In the article “Before Night Falls” in the New Yorker magazine, Dr. Jerome Groopman details the on-going debate among researchers seeking to understand the causes of Alzheimer’s. As Dr. Groopman points out, researchers have been working on a treatment for three decades, yet understanding the cause of Alzheimer’s and developing an effective treatment remain out of reach.

What researchers do know is that Alzheimer’s patients accumulate two types of protein in their brains:  beta amyloid (also known as A Beta) and tau. A Beta causes plaques to form on the outside of brain cells. Tau causes “tangles” within the neurons themselves.

Tau and A Beta appear in different parts of the brain. No one fully understands the function of these proteins or what, if any, interplay there may be between them. The research world has divided into different camps: those who think that beta amyloid causes Alzheimer’s (the “baptists”) those who think that tau is the culprit (the “tauists”), and those who think the cause is likely to be more complex than the action of any one protein.

The Case for A Beta

The baptists focus on the presence of ABeta in the brains of Alzheimer’s victims. The typical form of A Beta is a chain of 40 amino acids. However, A Beta has a longer form, with 2 more amino acids, and it is the longer form of this protein which appears to “stick” to the outside of the brain cells, developing into plaques, as illustrated by a Columbian family.

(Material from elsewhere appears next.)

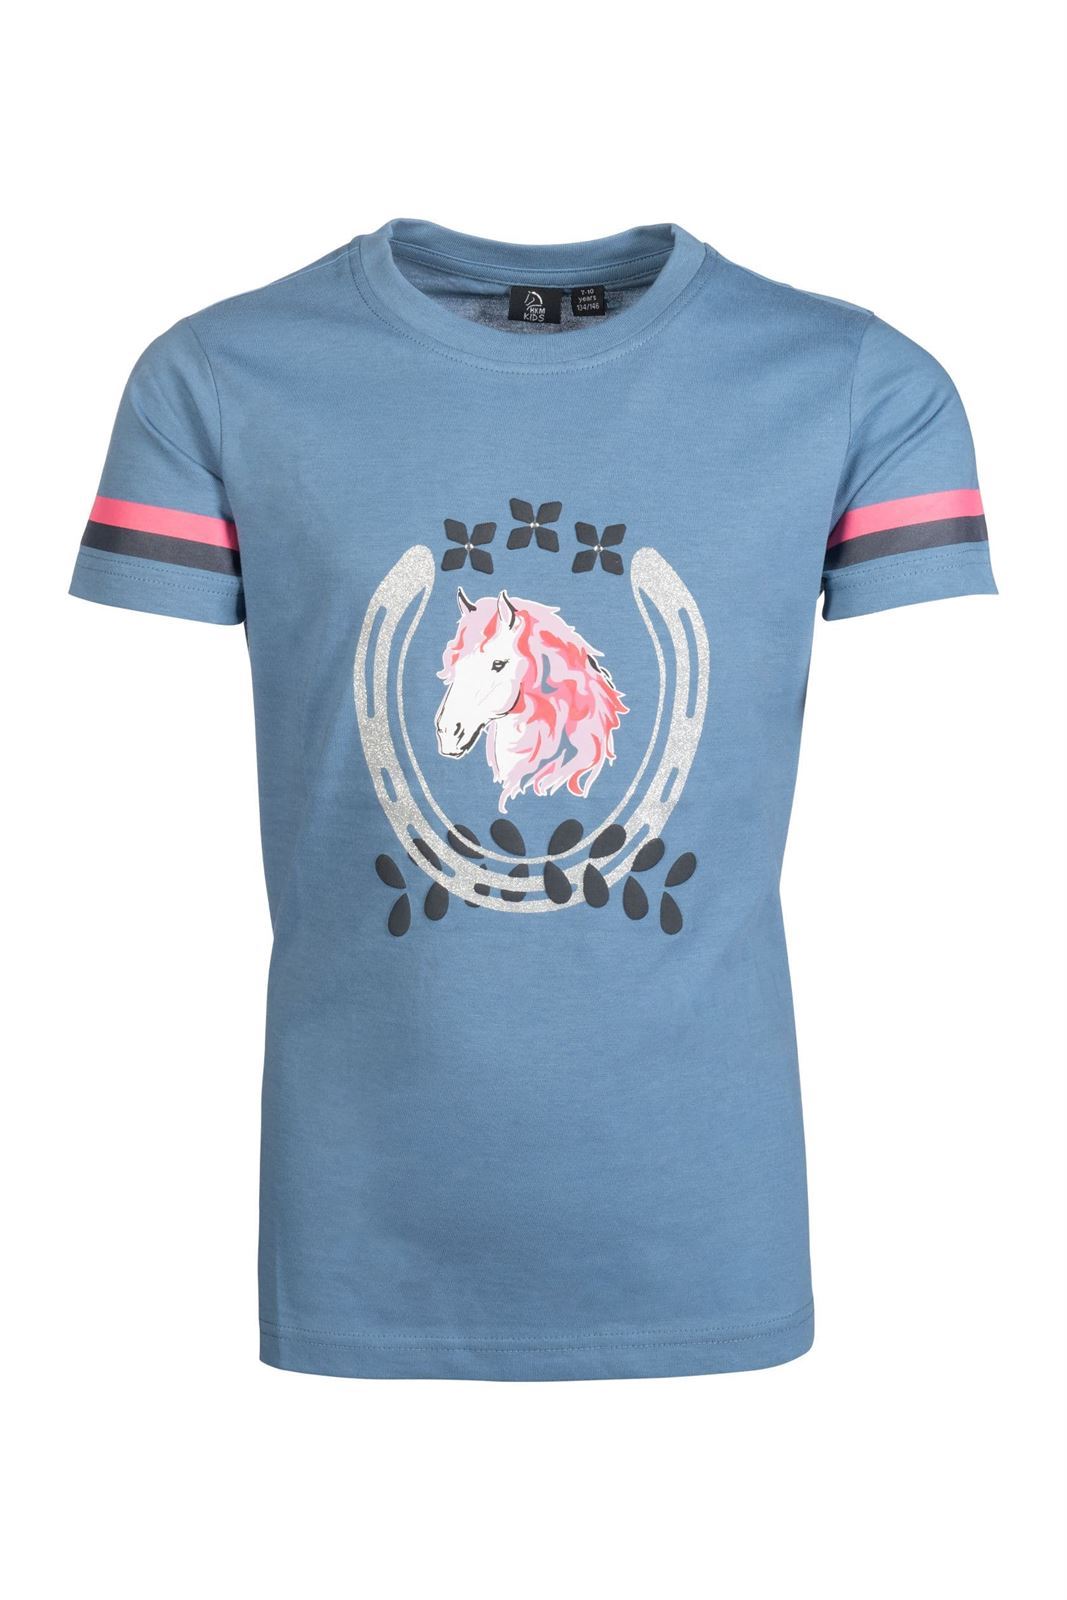 Camiseta HKM Sports Equipment Aymee color azul - Imagen 3

The Colombian Connection:  Accumulating “Sticky” ABeta

An extended family in Colombia carries a mutated gene that results in a over a third of its family members developing Alzheimer’s in their 40s. Their brain scans show significant ABeta plaque deposits of family members as young 20.  Genetic testing revealed that the family carries a mutated gene that results in the production of the longer form of the A Beta protein, the form that “sticks” to the brain surfaces. However, the occurrence of this early onset form of Alzheimer’s is rare; the connection between the origins of early onset disease and late onset is not well understood.

The Iceland Factor: Prevention of “Sticky” ABeta

Geneticists last year discovered a group in Iceland with a genetic mutation that seems to prevent the production of the long form of the A Beta protein.  These Icelanders have little history of dementia. The correlation between the presence of a gene mutation resulting in no sticky ABeta and the lack of Alzheimer’s in this population gives further credence to the baptists’ theories.

APOE

The growing understanding of the APOE gene and its mutations also supports the link between A Beta and Alzheimer’s. This gene produces a protein that clears A Beta from the brain.  One variant of the APOE gene, APOE4, is highly correlated with the development of Alzheimer’s.  Researchers surmise that mutations in the APOE4 gene prevent the clearing of accumulated ABeta, and results in Alzheimer’s, a theory that again points to ABeta as a critical factor.

The Case for Tau

Tauists think the culprit behind the Alzheimer’s epidemic is not beta amyloid, but tau proteins. When functioning normally, tau helps support the structure of the long axons of brain cells and transport nutrients throughout the brain cell. The tau in the brains with people with Alzheimer’s twists into tangles within the brain cell. These tangles are presumed to interrupt the flow of nutrients within the cell, resulting in cell death.

Impact on the Hippocampus

The tauists point to the regions of the brain where tau tangles are found to support their theory. One of the early symptoms of Alzheimer’s disease is the loss of short-term memory. The brain’s hippocampus processes short-term memory. Brain scans of people diagnosed with Alzheimer’s show accumulations of tau in the hippocampus region of the brain, not beta amyloid.

Evidence of Cell Death

The tau tangles kill off the brain cells, which is consistent with knowledge that the brains of Alzheimer’s patients shrink. How beta amyloid plaques might kill brain cells is not understood. As imaging for plaques has expanded, researchers see scans showing accumulations of plaques in people who have no symptoms of the disease. The baptists explain the lack of symptoms as a timing issue: it takes a long time for the ABeta deposits to cause cognitive impairment. The tauists think ABeta plaques might be a protective response of the brain to inflammation from tau or another agent, and not the source of the disease.

Failure of Clinical Trials Targeting ABeta

The tau supporters point, with frustration, to the failure to develop any effective treatment based on ABeta after two decades of work. They think research should be expanded to pursue other theories of the disease process.

The most recent NIH grants on Alzheimer research are structured to determine if giving drugs targeting ABeta to people before they are symptomatic will be effective. (See earlier blogs on this). As the number of people suffering from this disease looms ever larger, there is increasing pressure to find an effective treatment.  If the current trials are not successful, researchers are likely to pursue other theories. For the families caring for loved ones with dementia, the answers cannot come too soon.